If you have installed Office 2007, you can read .xls and .xlsx files. If you have Office 2003 or 2010 installed, you can read .xls files, but you will need to install the 2007 Office System Driver to read .xlsx files.
If you do not have Microsoft Excel installed, you must install the 2007 driver before you can use either .xls or .xlsx files. The 2007 Office System Driver can be downloaded from the Microsoft Download Center. Carefully follow the installation instructions before you restart ArcGIS.
Also, if you have previously specified on the File Types tab of the Customize > ArcCatalog Options dialog box that ArcCatalog show you .xls files, you'll need to remove this file type to be able to access Excel files directly.
Before beginning to work the exercise, read the accompanying article, "Best Practices When Using Excel Files with ArcGIS," for valuable tips on working with Excel data
To begin this exercise, download the training data. Unzip the excelmagic.zip data into a project area on your local machine and start ArcCatalog.
Navigate to the Battle_Mountain folder and locate the XLSFiles folder. When ArcCatalog displays an Excel file, it adds a dollar sign ($) to each worksheet name. Inside this folder, expand all files. Locate Sample_Locations.xlsx and preview Rock$. This Excel 2010 spreadsheet contains two worksheets named Rock$ and Soil$. Rock$ and Soil$ contain sample numbers, universal transverse Mercator (UTM) coordinates, and field information that allow this data to be posted on a map. Next, preview HSSR_LonLat83.xlsx and study its only worksheet, HSSR$.

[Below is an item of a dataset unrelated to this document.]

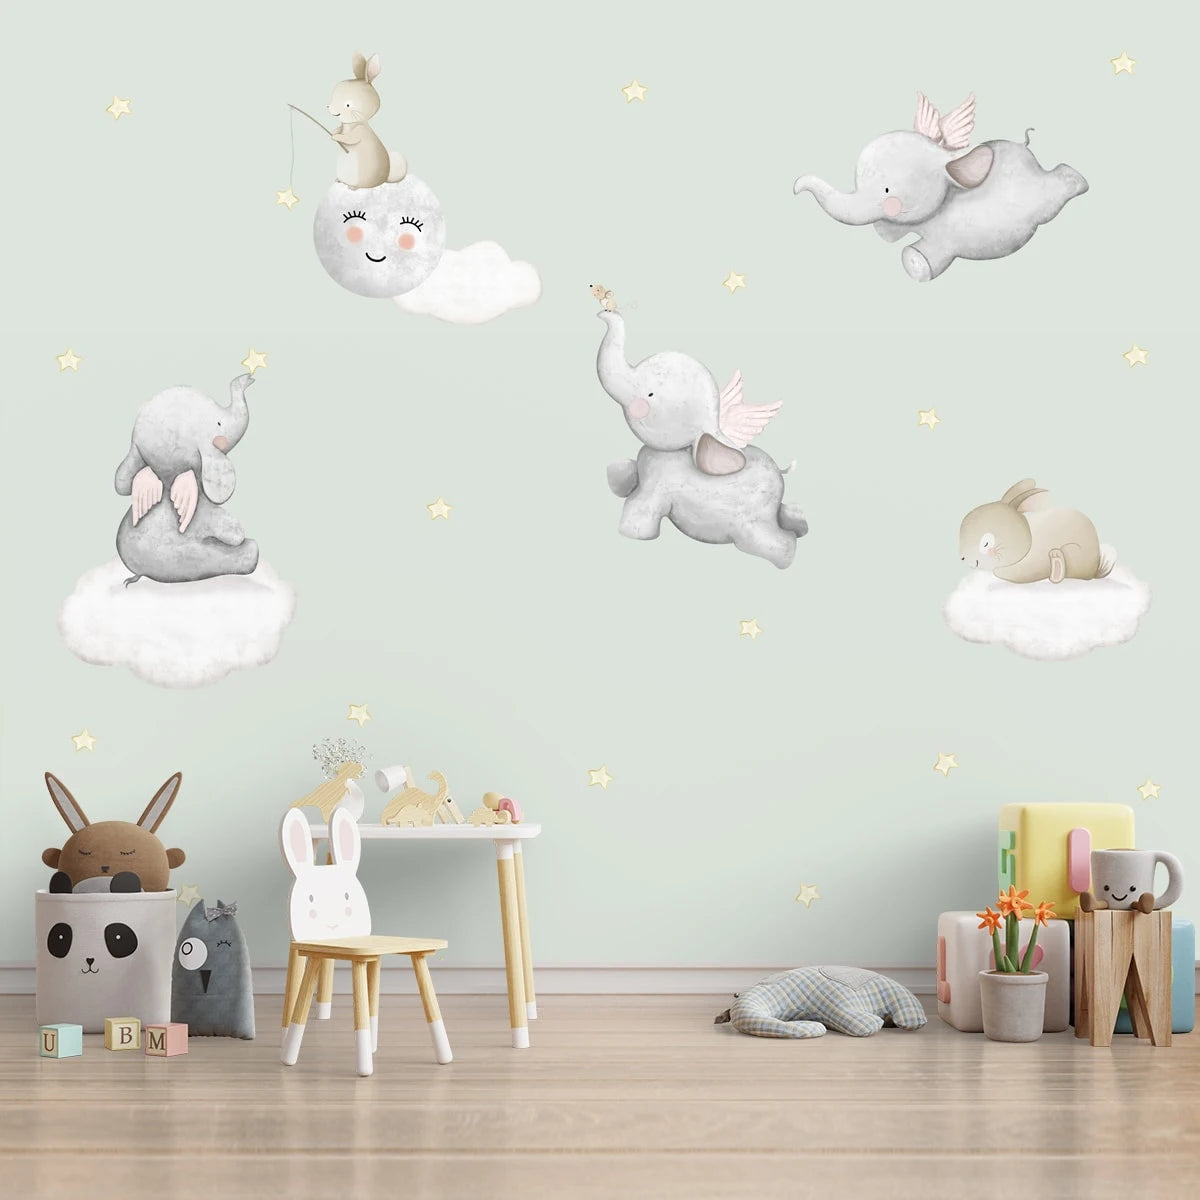 How To Choose Nursery Room Wallpaper Designs

Next, locate and preview two CSV files, Rock_Data and Soil_Data. These files contain companion analytic data for the Rock$ and Soil$ worksheets. The [SAMPLENO] field in both CSV files will support a one-to-one tabular join with the same field in the Soil$ and Rock$ worksheets.
Closely inspect the alignment of data in Soil_Data columns. Notice that [SAMPLENO] and [SB_PPM] are aligned on the left side of the column while [AU_PPB], [AG_PPM], [AS_PPM], and [HG_PPB] are aligned on the right. Scroll down through the table and observe that many fields in the right-aligned columns are empty. In the source CSV file, many of the fields contain nonnumeric strings that do not display properly.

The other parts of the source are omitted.